##### INPUT RECORDS #####

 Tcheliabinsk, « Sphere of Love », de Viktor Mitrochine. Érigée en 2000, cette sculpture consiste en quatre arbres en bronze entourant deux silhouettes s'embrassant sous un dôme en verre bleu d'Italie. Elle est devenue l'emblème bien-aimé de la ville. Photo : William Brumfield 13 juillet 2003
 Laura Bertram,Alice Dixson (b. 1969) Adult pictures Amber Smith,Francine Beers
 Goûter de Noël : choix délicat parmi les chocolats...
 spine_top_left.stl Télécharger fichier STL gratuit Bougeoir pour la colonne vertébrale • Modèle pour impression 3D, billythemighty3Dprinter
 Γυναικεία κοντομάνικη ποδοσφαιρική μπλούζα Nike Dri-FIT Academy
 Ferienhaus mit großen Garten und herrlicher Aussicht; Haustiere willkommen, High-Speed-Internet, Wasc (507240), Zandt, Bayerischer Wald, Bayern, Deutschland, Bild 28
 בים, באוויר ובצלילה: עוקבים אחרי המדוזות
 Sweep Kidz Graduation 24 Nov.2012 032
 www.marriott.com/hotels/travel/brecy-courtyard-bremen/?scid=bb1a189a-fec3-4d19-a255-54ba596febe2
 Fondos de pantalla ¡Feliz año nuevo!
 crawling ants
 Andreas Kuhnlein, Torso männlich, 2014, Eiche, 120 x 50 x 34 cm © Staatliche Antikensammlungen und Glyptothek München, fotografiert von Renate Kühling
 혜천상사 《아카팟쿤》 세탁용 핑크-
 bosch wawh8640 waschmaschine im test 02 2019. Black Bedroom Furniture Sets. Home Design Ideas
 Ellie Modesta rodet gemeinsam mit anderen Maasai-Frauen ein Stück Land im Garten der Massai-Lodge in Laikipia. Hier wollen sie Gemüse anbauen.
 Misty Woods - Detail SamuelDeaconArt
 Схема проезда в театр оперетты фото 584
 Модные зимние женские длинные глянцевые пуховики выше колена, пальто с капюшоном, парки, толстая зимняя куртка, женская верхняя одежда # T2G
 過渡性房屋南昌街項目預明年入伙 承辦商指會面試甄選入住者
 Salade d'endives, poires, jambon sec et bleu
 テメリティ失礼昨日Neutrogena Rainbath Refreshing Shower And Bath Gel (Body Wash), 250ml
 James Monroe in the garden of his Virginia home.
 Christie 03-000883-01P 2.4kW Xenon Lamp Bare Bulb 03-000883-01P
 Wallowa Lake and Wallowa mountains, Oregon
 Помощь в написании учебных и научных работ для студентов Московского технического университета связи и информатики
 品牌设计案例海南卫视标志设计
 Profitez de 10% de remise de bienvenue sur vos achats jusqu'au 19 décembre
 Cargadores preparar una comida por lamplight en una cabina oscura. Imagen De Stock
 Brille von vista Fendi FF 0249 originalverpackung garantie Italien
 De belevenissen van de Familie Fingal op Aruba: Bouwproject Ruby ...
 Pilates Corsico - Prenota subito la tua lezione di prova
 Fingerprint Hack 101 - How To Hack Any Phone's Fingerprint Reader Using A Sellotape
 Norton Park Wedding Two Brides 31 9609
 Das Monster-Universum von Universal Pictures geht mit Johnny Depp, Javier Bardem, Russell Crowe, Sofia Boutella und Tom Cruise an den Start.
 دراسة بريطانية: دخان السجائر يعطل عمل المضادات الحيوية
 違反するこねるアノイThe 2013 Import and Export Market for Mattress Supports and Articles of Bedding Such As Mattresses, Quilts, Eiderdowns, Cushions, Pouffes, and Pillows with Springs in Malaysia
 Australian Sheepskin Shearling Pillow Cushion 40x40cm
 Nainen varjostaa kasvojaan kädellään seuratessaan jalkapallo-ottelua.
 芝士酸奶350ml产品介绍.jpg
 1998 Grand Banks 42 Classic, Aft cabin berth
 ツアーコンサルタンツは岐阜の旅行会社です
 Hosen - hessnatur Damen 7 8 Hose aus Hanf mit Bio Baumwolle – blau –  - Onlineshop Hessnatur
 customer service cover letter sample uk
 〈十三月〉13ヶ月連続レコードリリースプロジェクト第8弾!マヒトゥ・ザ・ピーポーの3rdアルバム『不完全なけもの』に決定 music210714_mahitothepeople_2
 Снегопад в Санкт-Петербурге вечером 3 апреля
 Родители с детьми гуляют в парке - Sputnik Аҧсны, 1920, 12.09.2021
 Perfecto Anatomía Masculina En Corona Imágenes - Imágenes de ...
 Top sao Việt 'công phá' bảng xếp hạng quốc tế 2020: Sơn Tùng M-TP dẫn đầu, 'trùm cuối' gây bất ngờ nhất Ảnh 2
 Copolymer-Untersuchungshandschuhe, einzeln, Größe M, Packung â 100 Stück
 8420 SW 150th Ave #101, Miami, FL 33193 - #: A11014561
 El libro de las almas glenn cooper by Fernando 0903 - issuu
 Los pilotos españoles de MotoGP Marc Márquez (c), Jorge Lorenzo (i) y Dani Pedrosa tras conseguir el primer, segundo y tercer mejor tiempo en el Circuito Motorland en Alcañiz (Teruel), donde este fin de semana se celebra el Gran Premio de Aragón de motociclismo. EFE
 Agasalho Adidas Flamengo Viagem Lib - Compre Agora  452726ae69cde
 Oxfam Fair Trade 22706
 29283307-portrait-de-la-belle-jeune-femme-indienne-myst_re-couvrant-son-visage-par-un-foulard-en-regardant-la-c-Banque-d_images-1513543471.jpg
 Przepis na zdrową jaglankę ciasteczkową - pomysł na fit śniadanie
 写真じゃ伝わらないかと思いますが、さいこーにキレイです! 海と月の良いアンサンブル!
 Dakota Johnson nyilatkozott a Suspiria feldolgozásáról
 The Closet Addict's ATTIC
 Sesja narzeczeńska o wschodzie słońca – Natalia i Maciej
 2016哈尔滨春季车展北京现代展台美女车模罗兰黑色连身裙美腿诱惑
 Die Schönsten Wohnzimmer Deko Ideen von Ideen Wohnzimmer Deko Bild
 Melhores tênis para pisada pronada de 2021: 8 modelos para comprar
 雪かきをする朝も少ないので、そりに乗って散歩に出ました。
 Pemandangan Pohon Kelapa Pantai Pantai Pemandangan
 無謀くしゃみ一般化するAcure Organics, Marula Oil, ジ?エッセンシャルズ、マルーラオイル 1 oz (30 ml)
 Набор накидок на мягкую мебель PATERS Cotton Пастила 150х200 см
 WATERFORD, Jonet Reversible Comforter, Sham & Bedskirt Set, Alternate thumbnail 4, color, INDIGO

#####

EXERCISE:
For this task, write out exactly the lines of the entries above, starting at the line with "Снегопад в Санкт-Петербурге вечером 3 апреля" and ending at the line with "Top sao Việt", both included, and no others.

YOUR RESPONSE:
 Снегопад в Санкт-Петербурге вечером 3 апреля
 Родители с детьми гуляют в парке - Sputnik Аҧсны, 1920, 12.09.2021
 Perfecto Anatomía Masculina En Corona Imágenes - Imágenes de ...
 Top sao Việt 'công phá' bảng xếp hạng quốc tế 2020: Sơn Tùng M-TP dẫn đầu, 'trùm cuối' gây bất ngờ nhất Ảnh 2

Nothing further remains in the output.